Fig. 3. — Overexpression of IFN-κ in HPV18-positive cells increases PRR and ISG transcription. HeLa (A and C) or 18-1 (B and C) cells were transfected with 1.5 μg of empty vector pSG5 or the expression vector for IFN-κ (pSG-IFNK). (A and B) PRR and ISG transcript levels were analyzed by qRT-PCR using PGK1 as a reference gene and are presented relative to those in pSG5-transfected cells. The data represent the averages from at least three independent experiments, and error bars indicate the standard errors of the means. (C) Western blot analysis of IFN-κ expression in HeLa and 18-1 cells. Whole-cell lysates were prepared and analyzed by immunoblotting for the presence of IFN-κ and HSP90 as a loading control.

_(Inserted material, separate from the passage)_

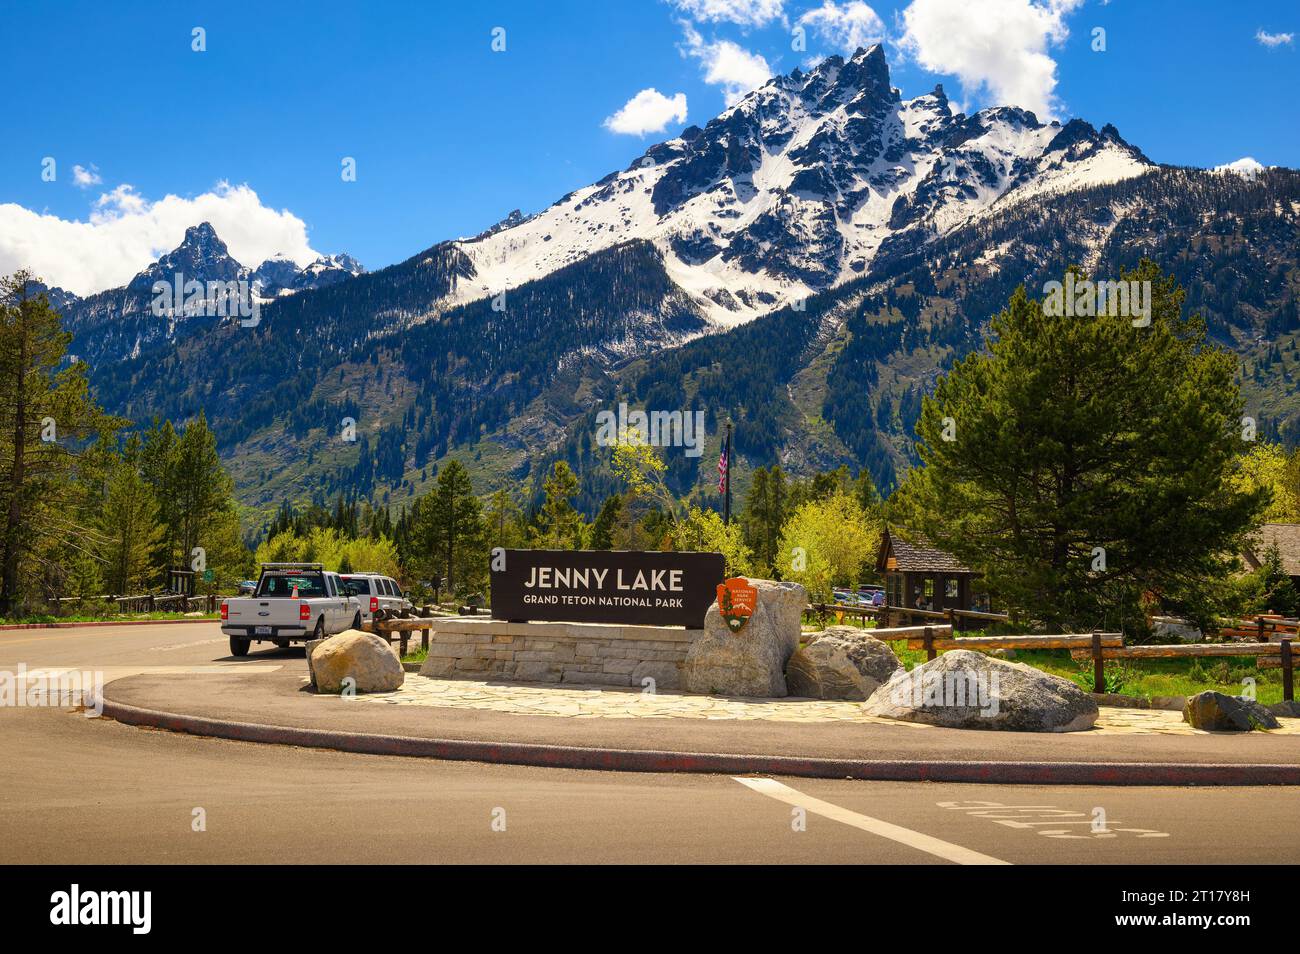 Panneau de bienvenue à l'entrée du lac Jenny dans le parc national de Grand Teton, Wyoming Banque D'Images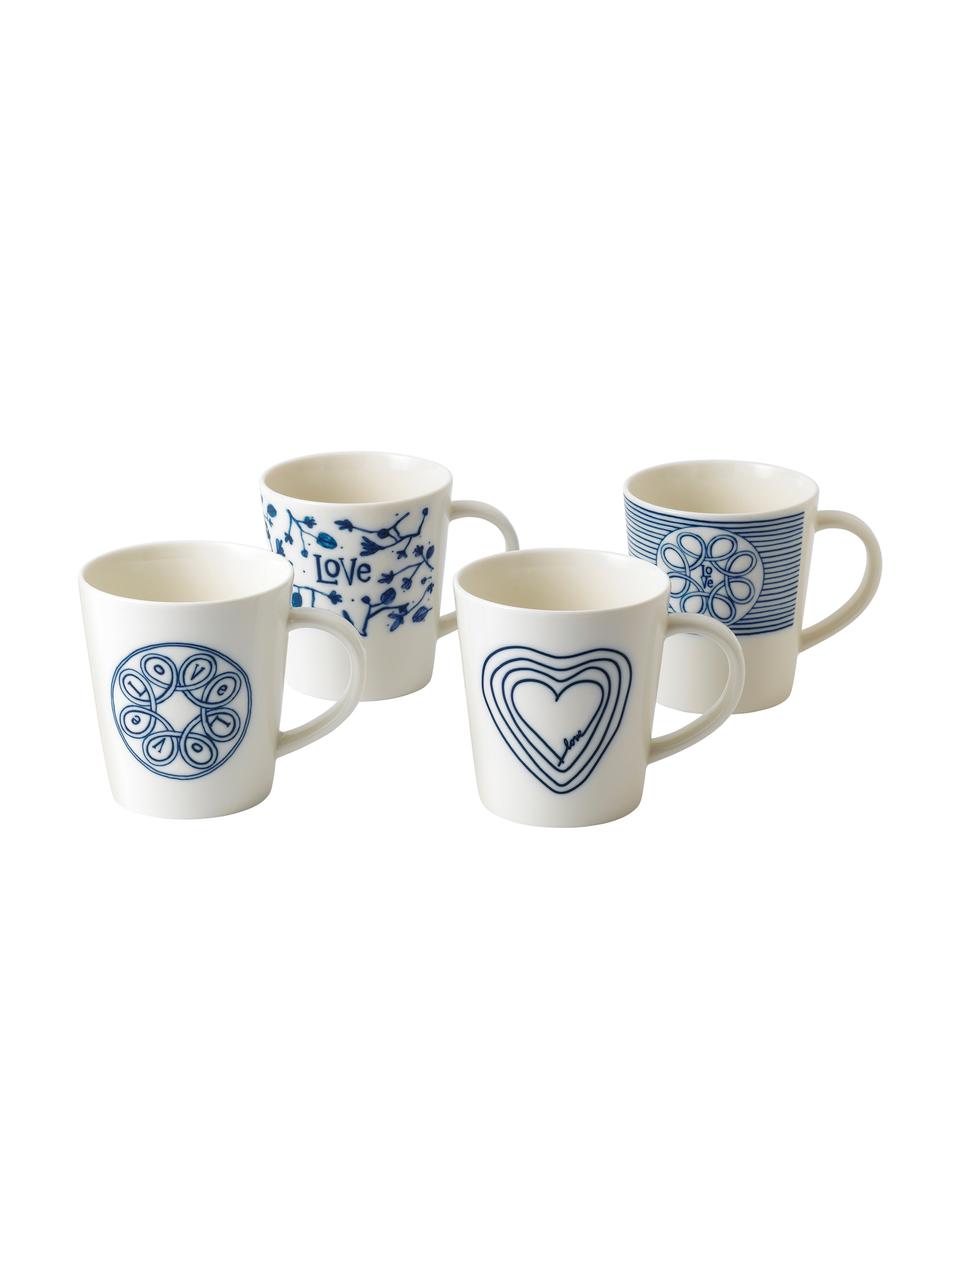 Gemusterte Tassen Love in Weiß/Blau, 4er-Set, Porzellan, Elfenbein, Kobaltblau, Ø 10 x H 11 cm

To confirm that IFN-κ also regulated these genes in cells with complete HPV genomes, transfection experiments were carried out with the 18-1 cell line, which displayed low IFN-κ levels (Fig. 2). Consistent with the data obtained with HeLa cells, all investigated genes were induced by IFN-κ (Fig. 3B). However, the extent of induction (1.5- to 2-fold) was much lower than in HeLa cells. This is most likely due to the reduced transfection efficiency of 18-1 compared to HeLa cells, which is reflected by the lower IFN-κ protein amounts upon transfection (Fig. 3C), and possibly also due to the higher levels of endogenous IFN-κ in 18-1 cells. In summary, these data are consistent with IFN-κ being responsible for ISG and pathogen receptor expression in HPV-positive keratinocytes.

IFN-κ expression is inhibited by the E6 protein.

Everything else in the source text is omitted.